Experts: Population health needs to address mental health
On the rise: depression, anxiety, substance use
EXECUTIVE SUMMARY
White, middle-aged Americans have an increasing mortality rate due to behavioral and mental health issues, demonstrating the need for population health to address behavioral health.
- • Case managers can treat the whole person, including behavioral health problems.
- • A first step is to have a positive attitude about identifying mental health issues.
- • Although finding mental and behavioral health treatment services is challenging, it’s a task at which CMs can succeed.
Researchers recently made a startling discovery: White, middle-aged Americans have a higher mortality rate now than they have in previous generations. This group includes non-Hispanic men and women between 1999 and 2013. The study found that their rising death rate could be largely accounted for by drug and alcohol poisonings, suicide, chronic liver diseases, and cirrhosis.1
For case managers and others who work with this population, the findings confirm their anecdotal evidence that behavioral and mental health issues are a major comorbidity with middle-aged and older patients.
“We need population health that focuses on the whole person and the multiple complexities the person might have,” says Monica Cooke, MA, RNC, CPHQ, CPHRM, FASHRM, chief executive officer of Quality Plus Solutions in Annapolis, MD.
These complexities include depression, anxiety, substance use, and other behavioral-mental health issues, she adds.
“We refer to it as complex case management,” says Cheri Lattimer, RN, BSN, executive director of the Case Management Society of America in Little Rock, AR.
Case managers treat the whole person, and this includes behavioral health, she adds.
“I know of no patients who say, ‘I’m here for my medical,’ or ‘I’m here for my behavioral.’”
Patients often are dealing with depression, and that has to be part of the equation, she says.
Addressing behavioral health is a challenge for case managers because community resources are few and far between, Cooke notes.
“It will be many years before we as a nation build up the behavioral and mental health services this society needs,” she adds. “Nothing will change dramatically in the next 10 years, but if we center help around the population, then we need to include behavioral health.”
Case managers need to do a little research to find the community resources that patients might need and then link them to the service, Cooke suggests.
A first step is to acknowledge the effect and importance of behavioral healthcare, she says.
Patients who receive treatment for mental health and substance use issues will become healthier and feel better, Cooke says.
When CMs have a positive attitude about behavioral health services, so will their patients, she notes.
“Case managers’ role is to link a person to these services and to get them the levels of care they need,” she says.
True, it’s an additional workload for CMs, and there is no easy access to behavioral health services, so it will require multiple phone calls, Cooke says.
“It’s not like scheduling an eye exam — it’s not that simple,” she adds.
About one out of four inpatient community hospitals in the U.S. has an inpatient psychiatric unit, Cooke notes.
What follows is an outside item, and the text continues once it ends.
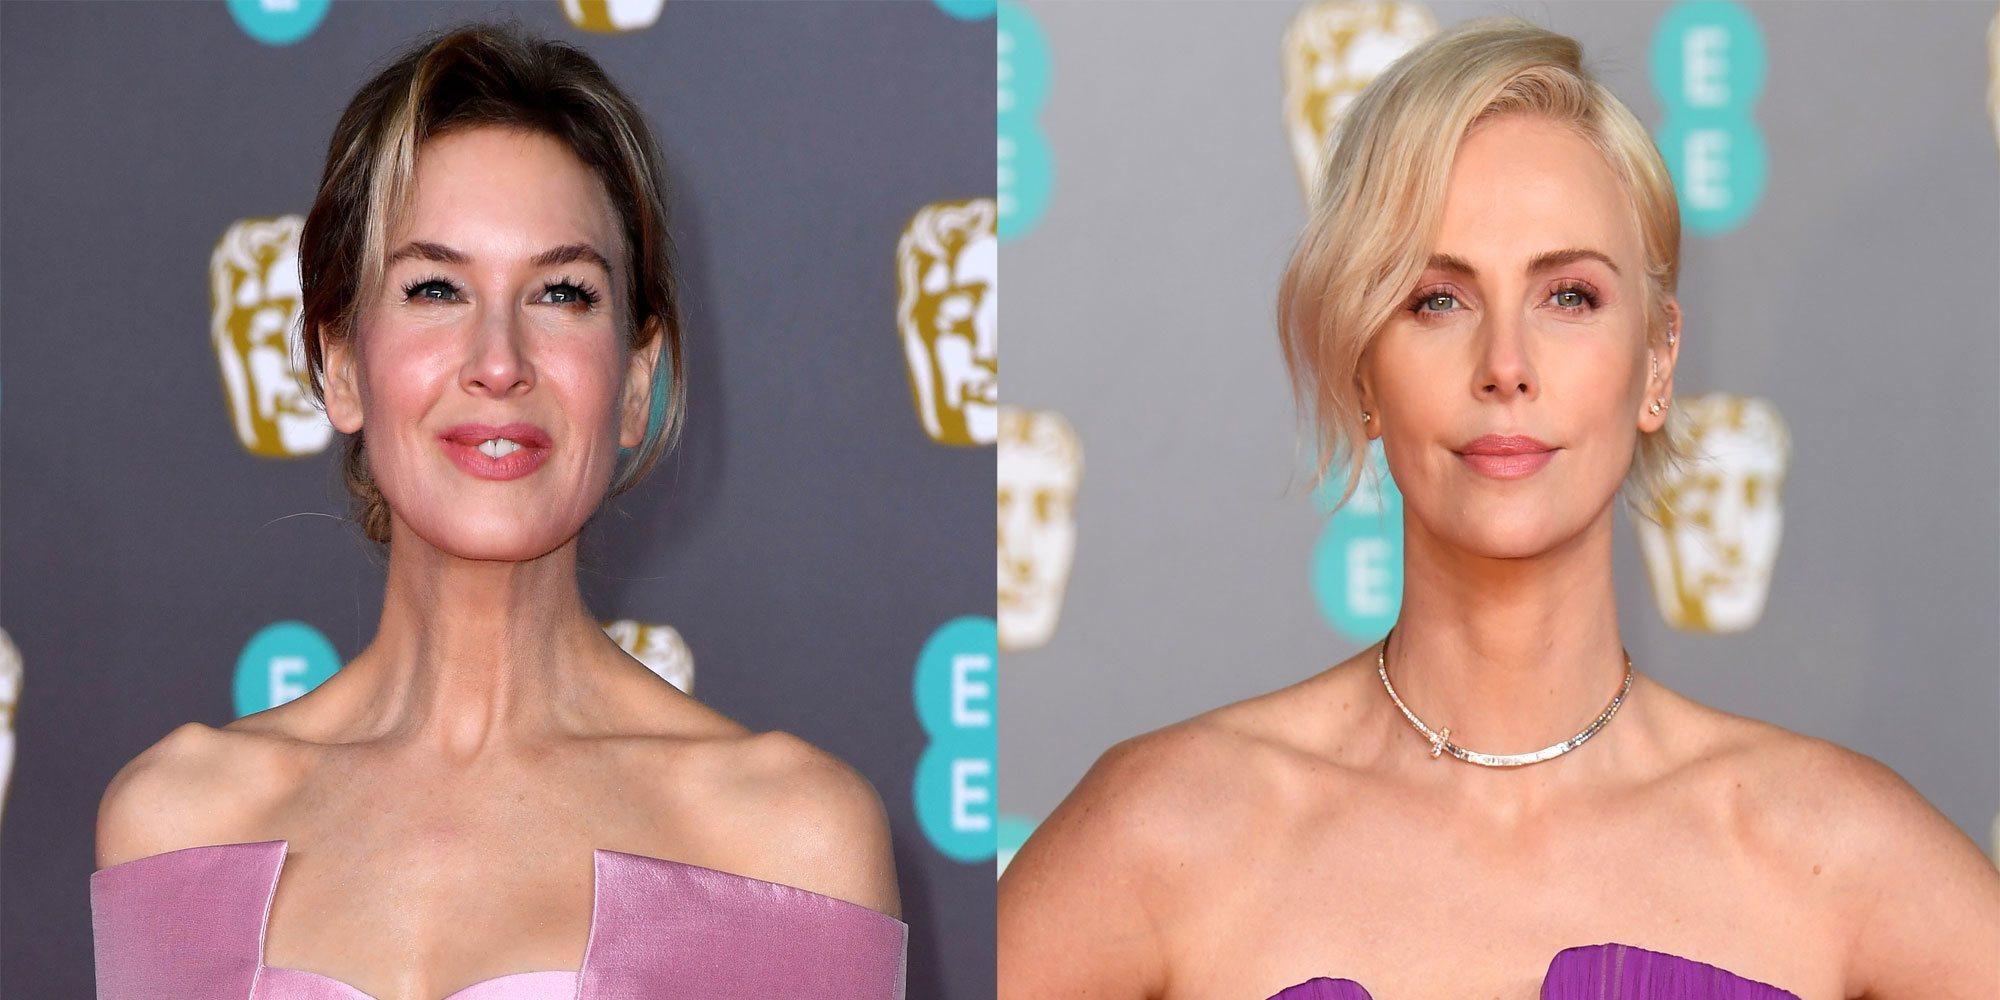 Renée Zellweger o Charlize Theron brillan con luz propia en la alfombra roja de los Premios BAFTA 2020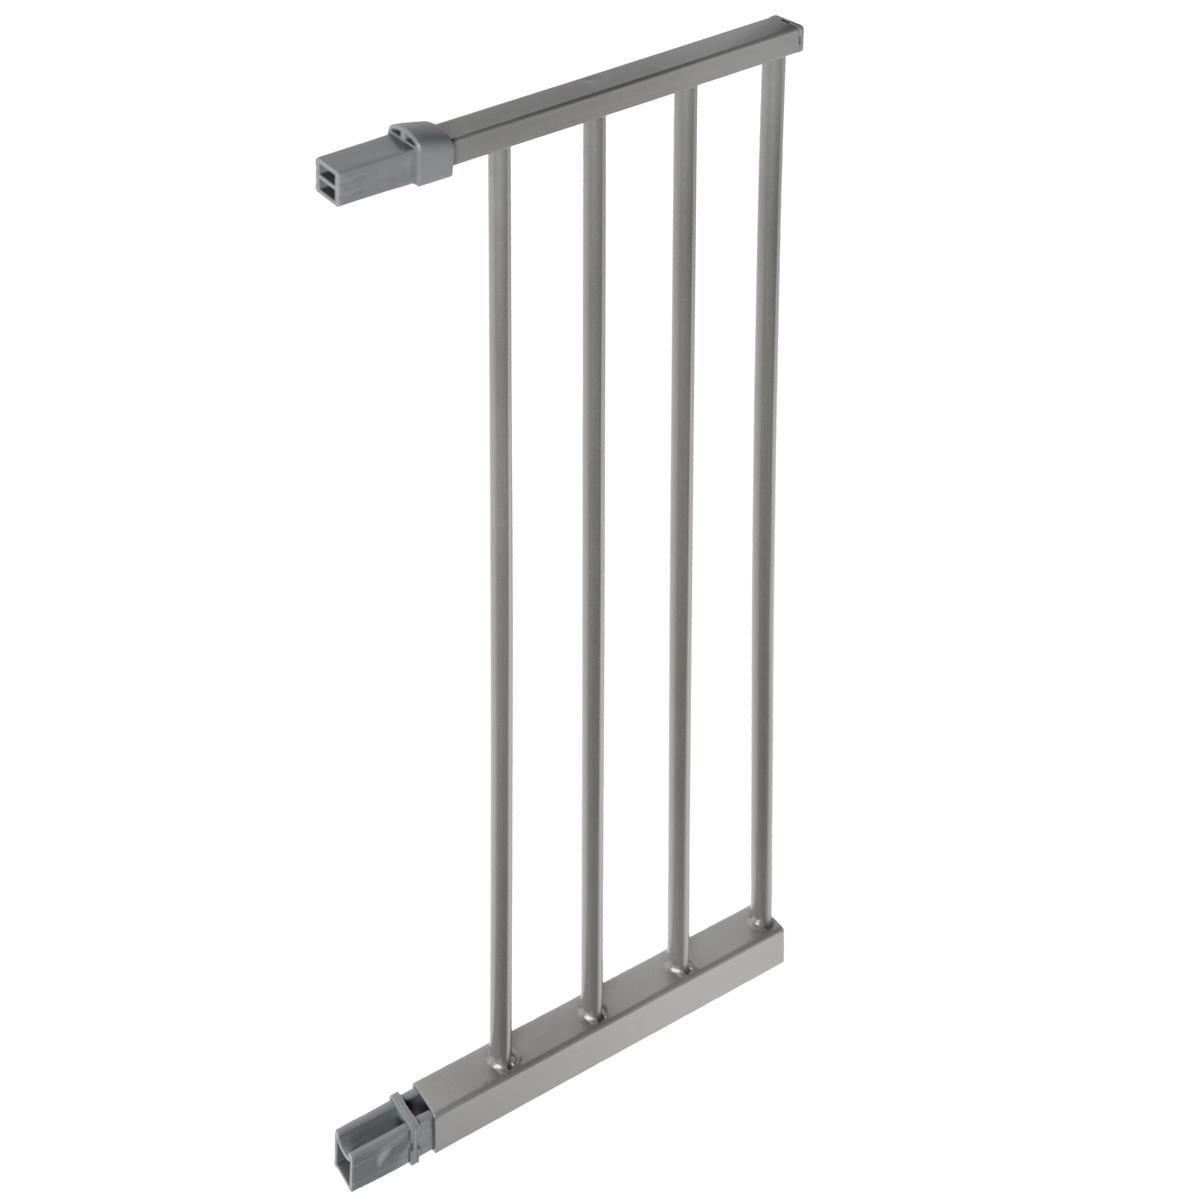 """Дополнительная секция к защитным воротам Lindam """"Sure Shut"""", выполненная из металла серебристого цвета подходят к Lindam """"Sure Shut Deco"""" 75-82 см. Дополнительная секция позволяет увеличить ширину ворот на 28 см. С каждой стороны ворот можно устанавливать по 2 дополнительных секции и даже более, если не уменьшается их устойчивость."""

This suggests a needs gap as research has shown that people with comorbid medical and mental health diagnoses are admitted to the hospital from the emergency department at twice the rate of patients who do not have a mental health diagnosis.2
This gap in need versus availability of services creates a situation where many psychiatric services and beds are limited and often have long waiting lists.
“And then they have to convince the person to accept the care because no one wants to think they’re depressed or have an anxiety disorder or are psychotic,” Cooke says.
Patients with a comorbid psychiatric condition can be a lot of work for a case manager who likely already has a huge caseload, but the need for CM services is there, Cooke says.
Case managers need to facilitate mental healthcare and evaluate every patient for a mental health comorbidity, she adds. “There are plenty of tools out there to screen patients and ask questions and see where they are in terms of mental health.”
REFERENCES
- Case A, Deaton A. Rising morbidity and mortality in midlife among white non-Hispanic Americans in the 21st century. Proc Natl Acad Sci. 2015, Nov. 2. Epub ahead of print.
- Emergency department visits by patients with mental health disorders — North Carolina, 2008-2010. MMWR. June 14, 2013;62(23):469-472.
White, middle-aged Americans have an increasing mortality rate due to behavioral and mental health issues, demonstrating the need for population health to address behavioral health.